When I use OpenMP with an N
that is less than around 40000, it runs fine.
However, once I start using a larger N
with OpenMP, it keeps giving me a segmentation fault (I am currently testing with N = 50000
and would like to eventually get it up to ~100000).
Is there something wrong with this at a software level?
P.S. The allocation was done dynamically ( float *arr = new float [N*N]

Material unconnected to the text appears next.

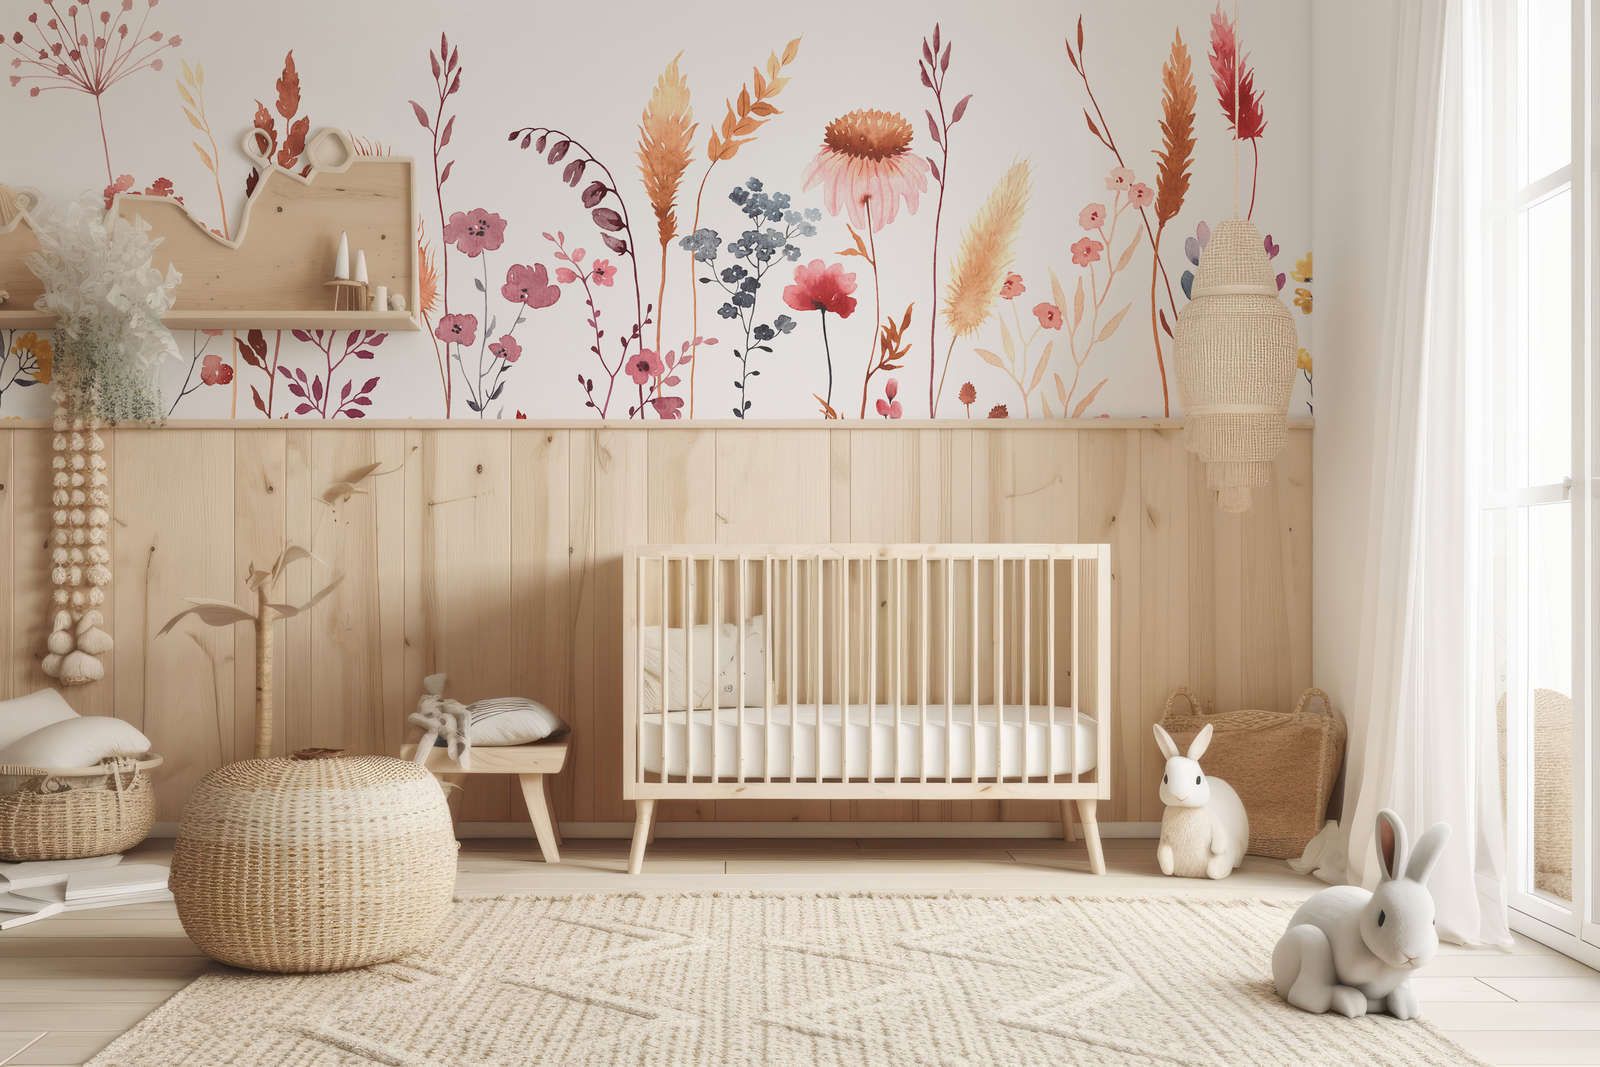             Fototapete fürs Kinderzimmer mit Blättern und Gräsern – Glattes & leicht glänzendes Vlies
        
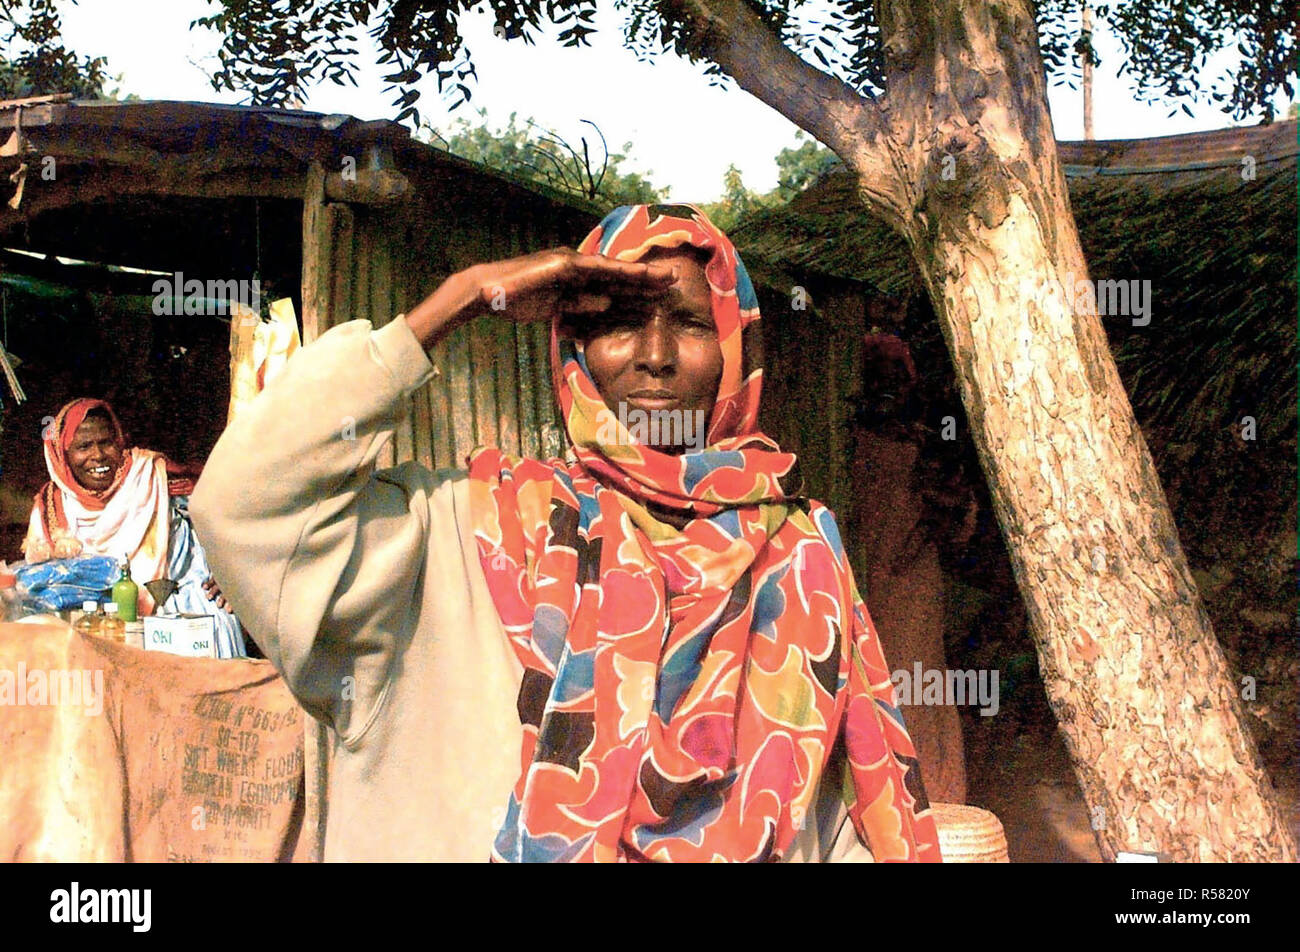 1993 - dritto sulla ripresa di una donna somala dalla vita fino a che essa rende un omaggio per mostrare il suo supporto per le forze americane (non mostrato) in Somalia a sostegno di funzionamento continua a sperare. La fotografia è stata scattata nella zona del mercato di Kismayo, Somalia. Un'altra donna somala è visibile a sinistra in background e lei sta ridendo. Foto Stock

), and here is the code used to randomly initialize the entire matrix, which didn't have any issues with OpenMP with large N
:
void initialize(float *arr, const int N)
{
#pragma omp parallel for
for (int i = 0; i < N; i++)
{
for (int j = 0; j < N; j++)
{
*(arr + i*N + j) = static_cast <float> (rand()) / static_cast <float> (RAND_MAX);
}
}
}
UPDATE:
I have tried changing i
, j
, and N
to long long int
, and it still has not fixed my segmentation fault. If this was the issue, why has it already worked without OpenMP? It is only once I add #pragma omp ...
that it fails.